# 📊 IMDB Top 1000 Movies - Exploratory Data Analysis (EDA)

## 📌 Project Overview
This notebook explores the **IMDB Top 1000 Movies dataset** to analyze:
- Movie ratings distribution
- Most popular genres
- Revenue trends over time
- Relationship between IMDB ratings and box office performance


## 📌 Step 1: Load the Dataset

In [None]:

import pandas as pd

# Load dataset
file_path = "imdb_top_1000.csv"
df = pd.read_csv(file_path)

# Display first few rows
df.head()


## 📌 Step 2: Data Cleaning

In [None]:

# Convert Released_Year to integer format
df["Released_Year"] = df["Released_Year"].str.extract('(\d+)').astype(float).astype('Int64')

# Convert Gross revenue to numeric format
df["Gross"] = df["Gross"].str.replace(",", "").astype(float)

# Fill missing Certificate values with "Unknown"
df["Certificate"] = df["Certificate"].fillna("Unknown")

# Drop rows where Meta_score and Gross are missing
df.dropna(subset=["Meta_score", "Gross"], inplace=True)

# Verify cleaned data
df.info()


## 📌 Step 3: Exploratory Data Analysis (EDA)

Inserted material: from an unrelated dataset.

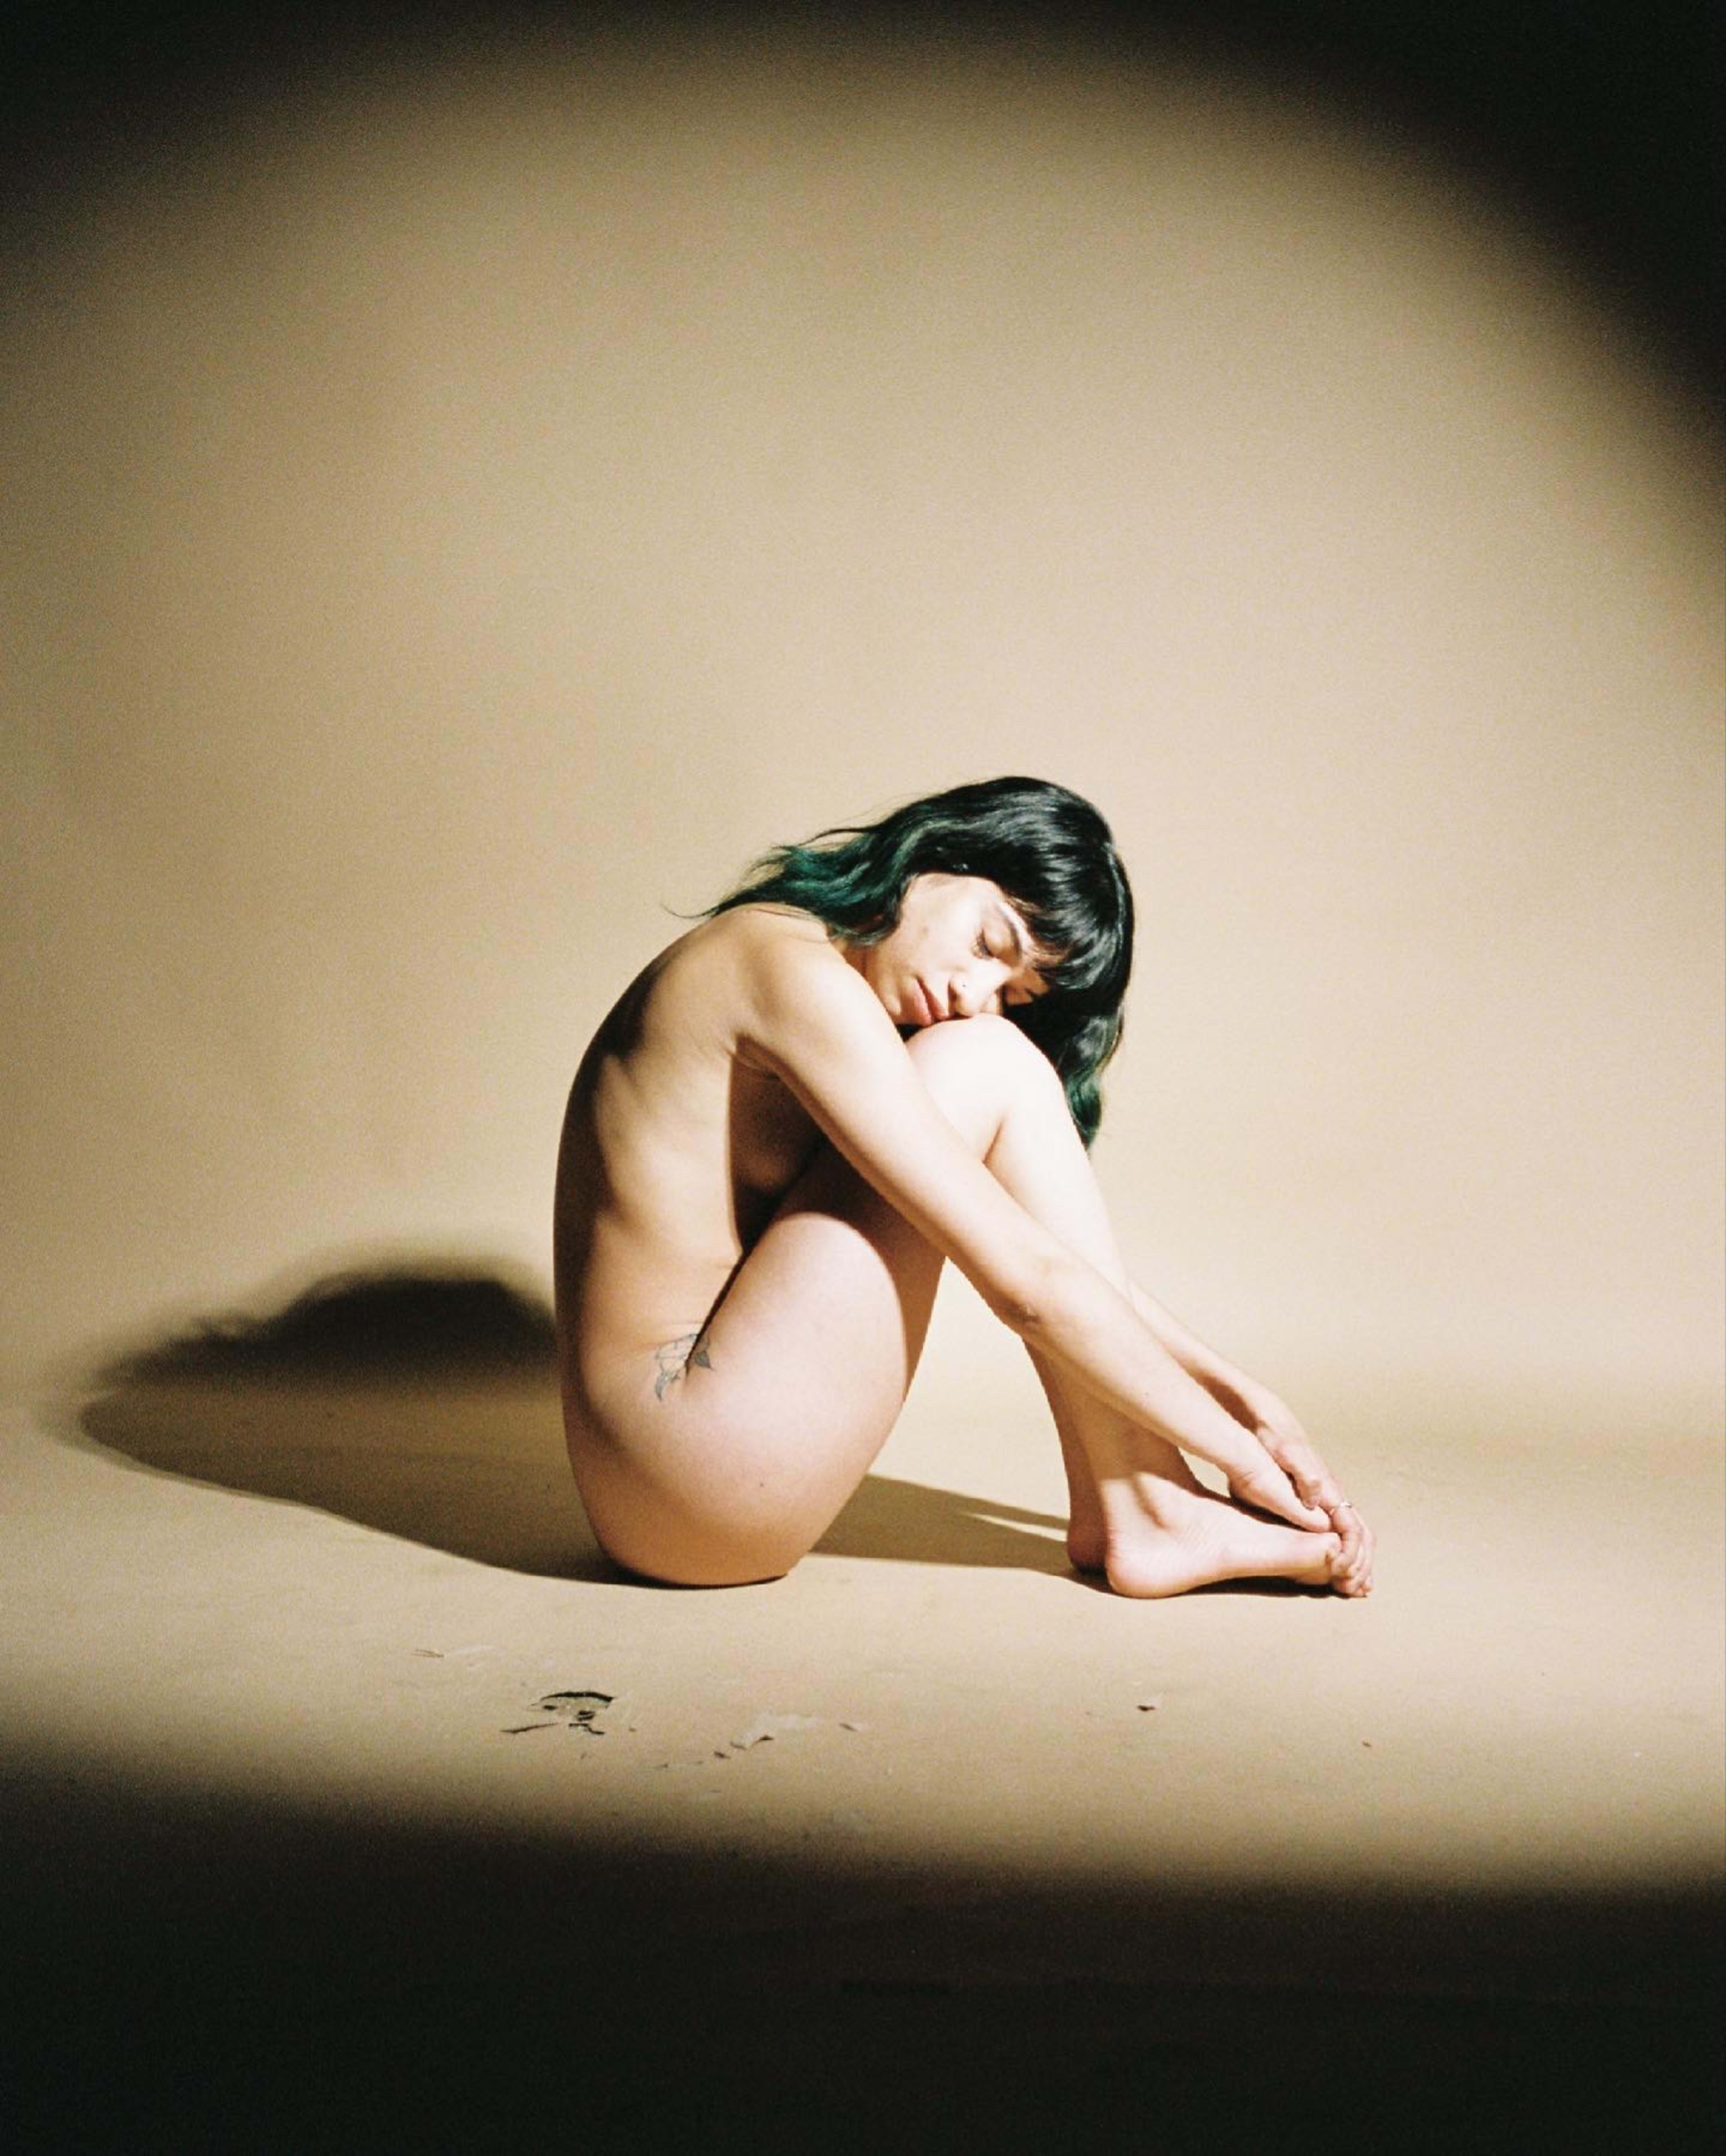 A minimalist boudoir photoshoot featuring a nude woman sitting cross-legged on the ground.

### 🎬 IMDB Ratings Distribution

In [None]:

import matplotlib.pyplot as plt

# Histogram for IMDB Ratings
plt.figure(figsize=(8, 5))
plt.hist(df["IMDB_Rating"], bins=10, color="skyblue", edgecolor="black")
plt.xlabel("IMDB Rating")
plt.ylabel("Number of Movies")
plt.title("Distribution of IMDB Ratings")
plt.grid(axis="y", linestyle="--", alpha=0.7)
plt.show()


### 🎭 Most Common Movie Genres

In [None]:

# Bar chart for most common genres
plt.figure(figsize=(10, 5))
df["Genre"].value_counts().head(10).plot(kind="bar", color="orange", edgecolor="black")
plt.xlabel("Genre")
plt.ylabel("Count")
plt.title("Top 10 Most Common Movie Genres")
plt.xticks(rotation=45)
plt.grid(axis="y", linestyle="--", alpha=0.7)
plt.show()


### 💰 IMDB Ratings vs. Box Office Revenue

In [None]:

# Scatter plot: IMDB Rating vs Gross Revenue
plt.figure(figsize=(8, 5))
plt.scatter(df["IMDB_Rating"], df["Gross"], alpha=0.6, color="green")
plt.xlabel("IMDB Rating")
plt.ylabel("Box Office Revenue ($)")
plt.title("IMDB Ratings vs. Box Office Revenue")
plt.grid(alpha=0.5)
plt.show()


## 📌 Step 4: Key Findings & Conclusion


### 🔹 Key Findings:
- Most movies are rated **between 7.0 and 8.0**, with few reaching **9.0+**.
- **Drama** is the most dominant genre, often mixed with other categories like **Romance & Comedy**.
- **Movies rated around 8.0 perform better at the box office** than those rated 9+.
- **Steven Spielberg is the most frequently featured director** in this dataset (13 movies).
- **Box office revenue has significantly increased post-2010**, with **2018 having the highest average revenue per movie (~$216.8M)**.

### 📌 Next Steps:
- Extend analysis to compare IMDB ratings with **Rotten Tomatoes scores**.
- Apply **Machine Learning** to predict **box office success based on movie features**.